Le président du tribunal a désigné M. Platillero, vice-président, pour statuer sur les demandes de référé.
Considérant ce qui suit :
1. Aux termes de l’article L. 521-1 du code de justice administrative : « Quand une décision administrative, même de rejet, fait l’objet d’une requête en annulation ou en réformation, le juge des référés, saisi d’une demande en ce sens, peut ordonner la suspension de l’exécution de cette décision, ou de certains de ses effets, lorsque l’urgence le justifie et qu’il est fait état d’un moyen propre à créer, en l’état de l’instruction, un doute sérieux quant à la légalité de la décision. (…) ». Aux termes de l’article L. 522-3 du même code : « Lorsque la demande ne présente pas un caractère d’urgence ou lorsqu’il apparaît manifeste, au vu de la demande, que celle-ci ne relève pas de la compétence de la juridiction administrative, qu’elle est irrecevable ou qu’elle est mal fondée le juge des référés peut la rejeter par une ordonnance motivée sans qu’il y ait lieu d’appliquer les deux premiers alinéas de l’article L. 522-1 ».

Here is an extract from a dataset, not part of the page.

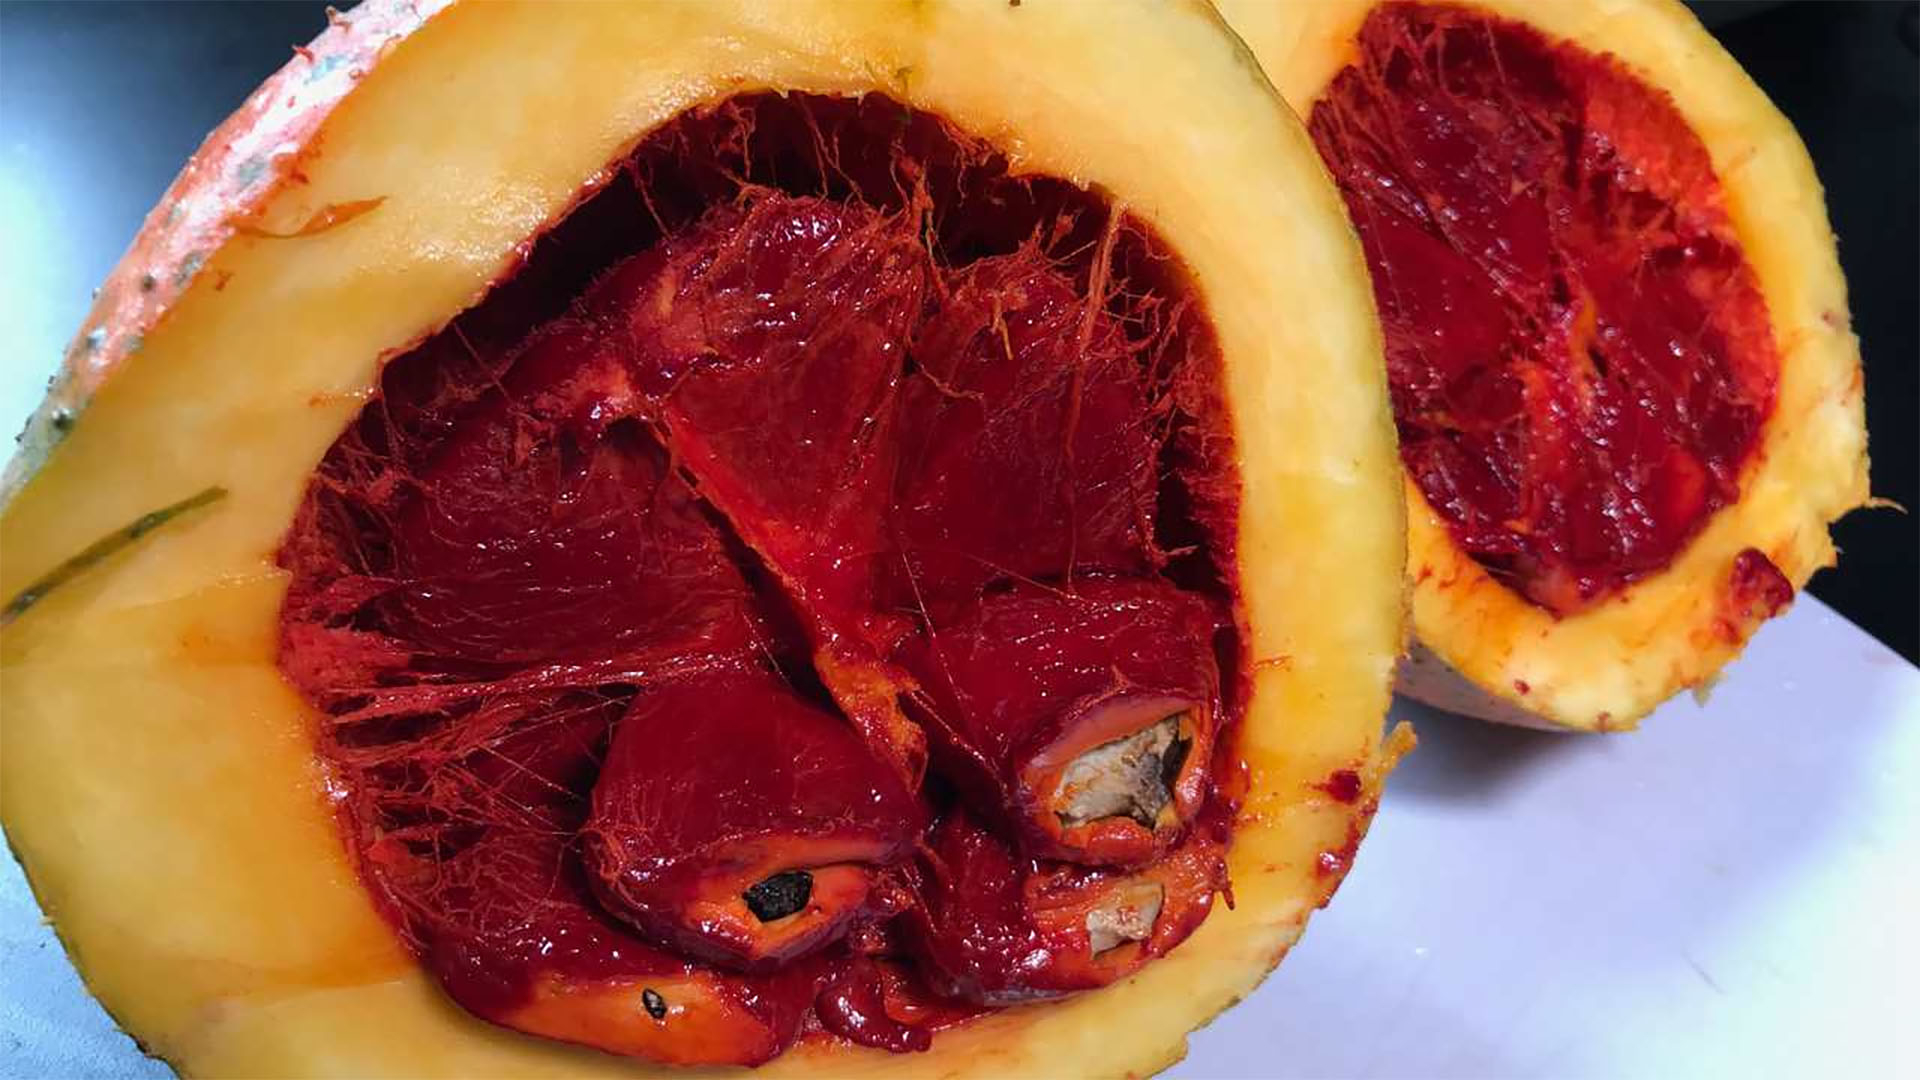 vietnamese orange fruit

2. L’urgence justifie que soit prononcée la suspension d’un acte administratif lorsque l’exécution de celui-ci porte atteinte, de manière suffisamment grave et immédiate, à un intérêt public, à la situation du requérant ou aux intérêts qu’il entend défendre. Il appartient au juge des référés, saisi d’une demande de suspension d’une décision refusant la délivrance d’un titre de séjour, d’apprécier et de motiver l’urgence compte tenu de l’incidence immédiate du retrait de titre de séjour sur la situation concrète de l’intéressé. Cette condition d’urgence est en principe constatée dans le cas d’un refus de renouvellement du titre donnant droit au séjour, comme d’un retrait de celui-ci. Dans les autres cas, il appartient au requérant de justifier de circonstances particulières caractérisant la nécessité pour lui de bénéficier à bref délai d’une mesure provisoire dans l’attente d’une décision juridictionnelle statuant sur la légalité de la décision litigieuse.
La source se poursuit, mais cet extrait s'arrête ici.